- Journal List
- NIHPA Author Manuscripts
- PMC1440522

# Replicability, Confidence, and Priors

## Abstract

All commentaries concern priors. In this issue of *Psychological Science*, Cumming graphically demonstrates the implications of our ignorance of δ. Doros and Geier found mistakes in my argument and provide the Bayesian account. Macdonald notes that my program is like Fisher’s, Fisher’s is like the Bayesians’, and the Bayesians’ is incoherent. These Commentaries strengthen the foundation while leaving all conclusions intact.

## REPLICATING *p*_{rep}

Cumming reminds us that *p*_{rep} is an estimate of the probability that a replication with the same power will support the original finding—that it will give an effect of the same sign. The histogram of probabilities of replication (PRs) at the bottom of his Figure 1 is therefore reassuring: All but 6 of the 139 cases have PRs greater than .5: More than 95% of the cases therefore support the original finding. Indeed, because the distribution of PR is negatively skewed, we can generally expect the typical (median) replicability to be better than claimed, as was the case in Cumming’s example. In that sense, *p*_{rep} is a conservative estimate of replicability.

Cumming’s real concern is not that a few replications may be victims of sampling error, but that the original experiment might have been a victim. Again, there is consolation to be found in his histogram: By current standards (corresponding to *p*_{rep} = .9), for none of his 139 cases did Δ go far enough in the wrong direction to have supported a decision to publish an unreplicable finding (i.e., in no case was PR < .1). Define *strong evidence* as a *p*_{rep} greater than *p*_{s}. If we set *p*_{s} to a relatively liberal .8, the probability that replication of an experiment that provided strong evidence in the first place will provide strong contradictory evidence (the replication’s own *p*_{rep} is greater than *p*s, but the effect is in the wrong direction) is less than .05.^{1} Given Cumming’s original *p*_{rep} of .89, approximately 3 of Cumming’s cases should have strongly contradicted the original; 2 did so.

Neither *p*_{rep} nor any other statistic can overcome the probabilistic nature of the relation between evidence and inference. There is no surety, but only the relative safety of numbers, good experimental design, and empirical replication.

I was edified by Cumming’s explanation of replication intervals in terms of confidence intervals (CIs). Yet, although everyone agrees on the importance of reporting some measure of effect size, CIs are less than ideal: First, most researchers do not understand what a CI means (Cumming, Williams, & Fidler, 2004, p. 299). The problem is not confined to psychologists: “A confidence interval is an assertion that an unknown parameter lies in a computed range, with a specified probability [sic]” (Rinaman, Heil, Strauss, Mascagni, & Sousa, 1996, p. 608).

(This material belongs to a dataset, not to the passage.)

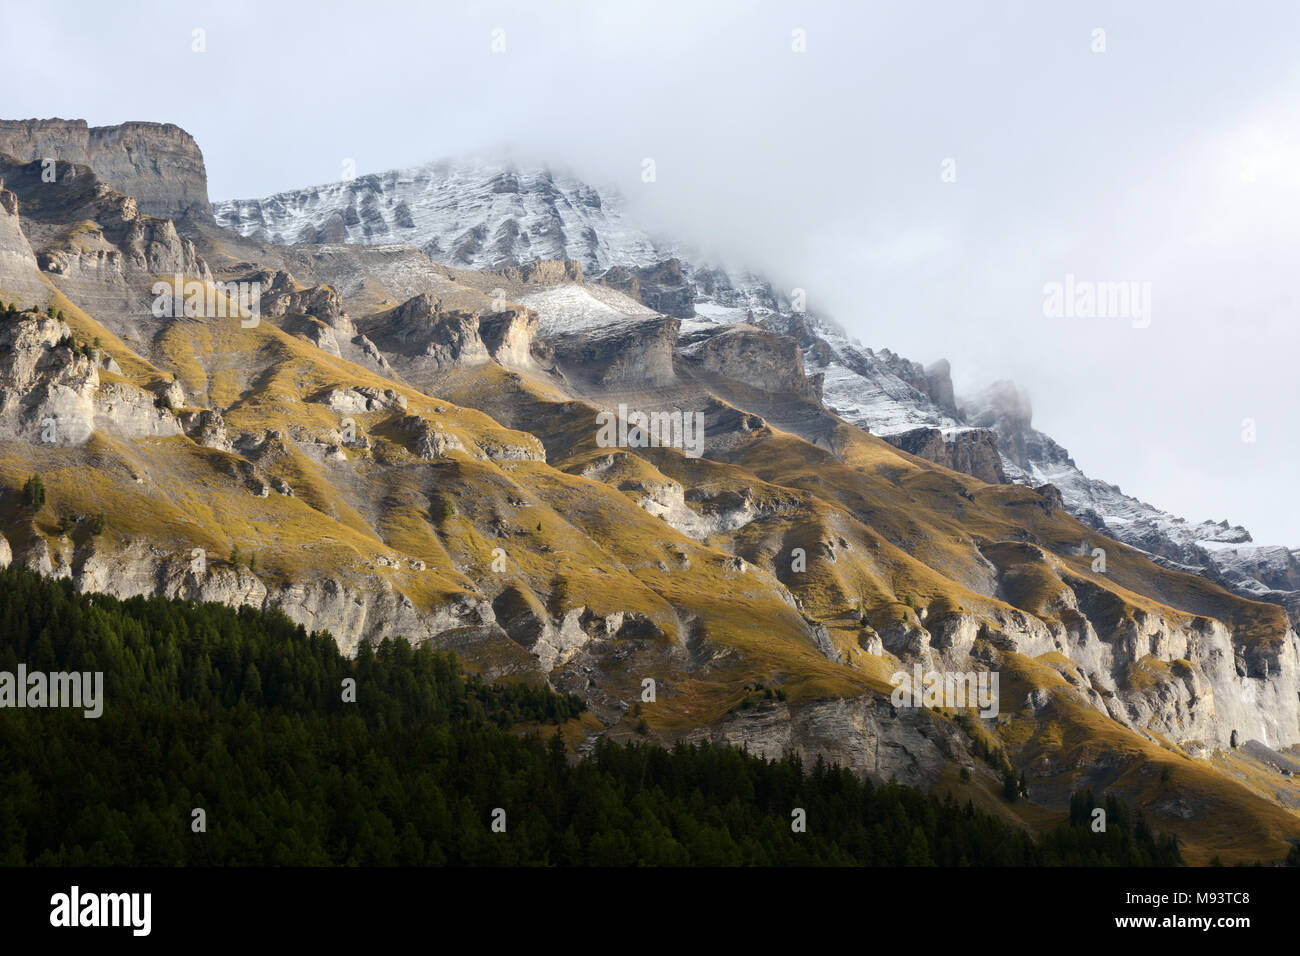 Rinderhorn and the mountains of the Gemmi Pass in the Bernese Alps overlooking the Swiss alpine resort town of Leukerbad, Valais canton, Switzerland. Stock Photo
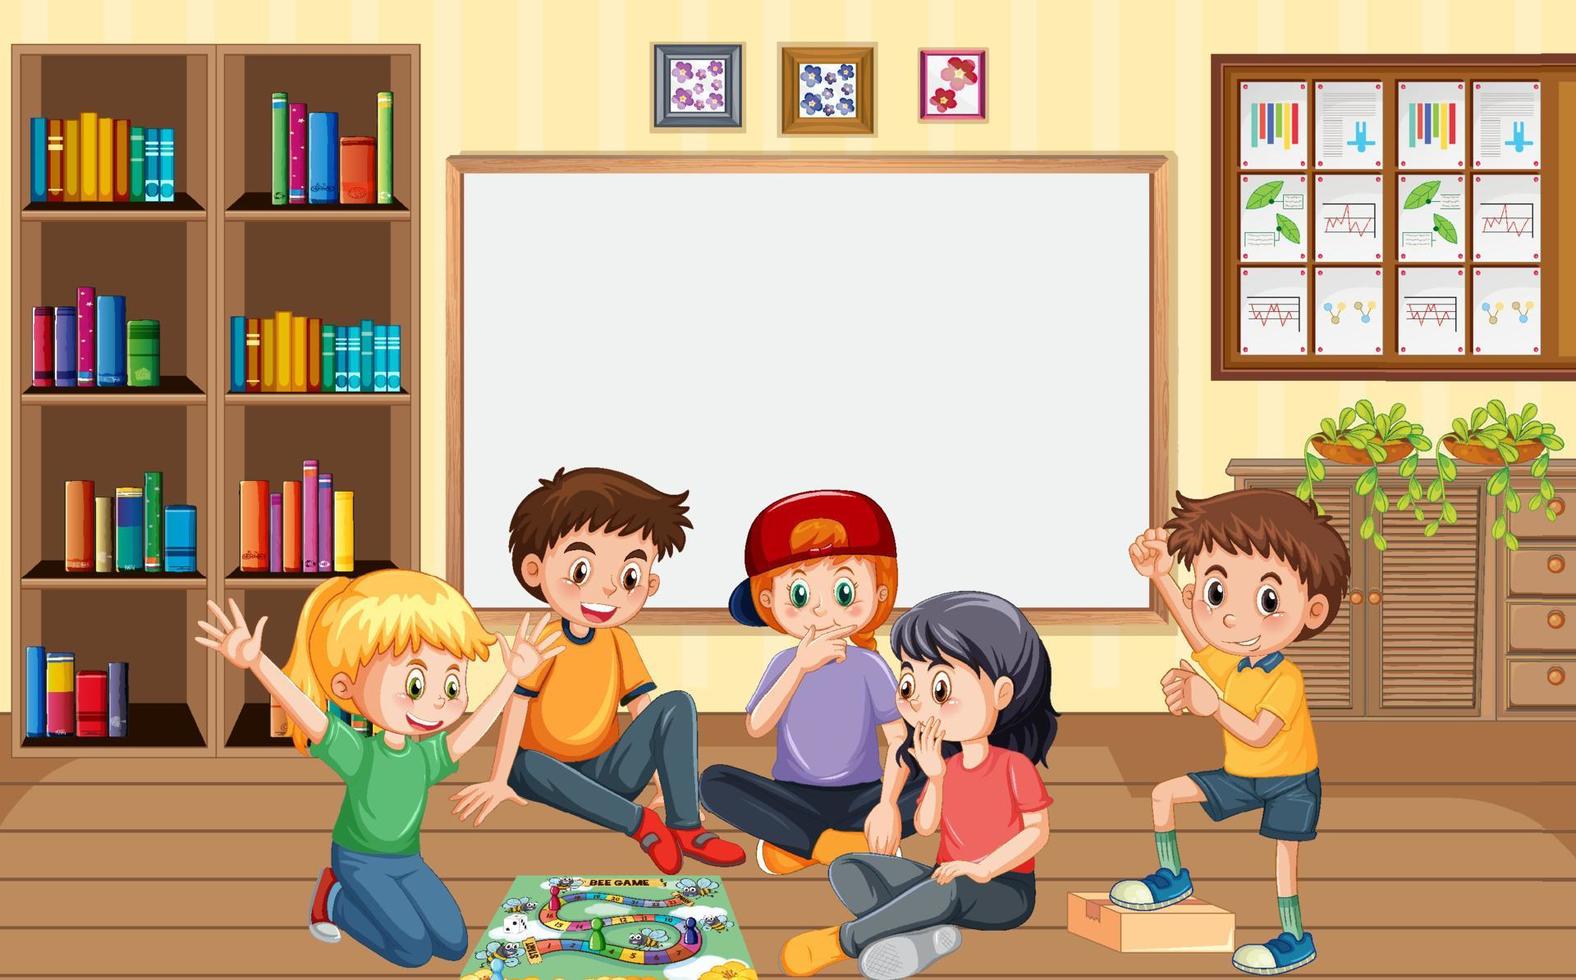 Children playing boardgame in the room vector

Such misunderstanding may be part of the reason why “of the 15 measurements of the Astronomical Unit that [Youden, 1972] presented, not a single one fell within the range of the possible values given by its immediate predecessor” (Stigler, 1996, p. 780)—or at least may be a reason for the bemusement that attends such observations. Second, as Fidler, Thomason, Cumming, Finch, and Leeman (2005) noted, “what to construct CIs around—and how to display them—remain issues for debate” (p. 495). Third, CIs are an impure measure of effect size, because they invoke a sampling distribution to set the relation between level and interval (May, 2003), and that is an easily avoided source of error: Just use *d* or *r*.

If there is “still much to learn about confidence intervals” (Fidler et al., 2005), there is fortunately much less to learn about replication intervals: Calculate the standard error, center it over the statistic, and the long-run probability of a replication falling within those limits (Cumming’s average probability of capture, or APC) is approximately 50%. Perhaps it is time to start explaining the complicated in terms of the simple.

Cumming’s table, figures, and Web site should help readers to understand this alternative to null-hypothesis significance testing, as his insightful and encouraging comments helped me to understand it in the first place.

## ERROR AND CORRECTION

I arrived at *p*_{rep} by conditioning on the unknown δand integrating it out, assuming flat priors. This is also how Cumming simulated his PRs. I recognized this to be tantamount to a convolution and took the variables I was differencing to be the sampling errors of the original and replicate. But as Doros and Geier show, my reduction of the argument to *d*′_{2} = *d*′_{1} − Δ1 + Δ2, although correct in any particular case, does not give the expected value of *d*′_{2} Their fourth proposal (B2) provides the Bayesian route to my result. Treat σ^{2}_{δ} as a prior and divide the numerator and denominator of their equation leading to Equation 4 by σ^{2}_{δ} If knowledge of μ*c* is vague or *n* is large, then σ^{2}_{δ} >> σ^{2}* _{d}*, whereupon their Equation 4 reduces to
$P({{d}^{\prime}}_{2}>0|{{d}^{\prime}}_{1})={\int}_{-\infty}^{{\mu}_{c}/{\sigma}_{c}}N(0,1),$ with μ

*≈*

_{c}*d*′

_{1}(its maximum likelihood estimate), and ${\sigma}_{c}={\sigma}_{{d}_{R}}\approx \sqrt{2}{\sigma}_{d},$ just as in my original report (Killeen, 2005).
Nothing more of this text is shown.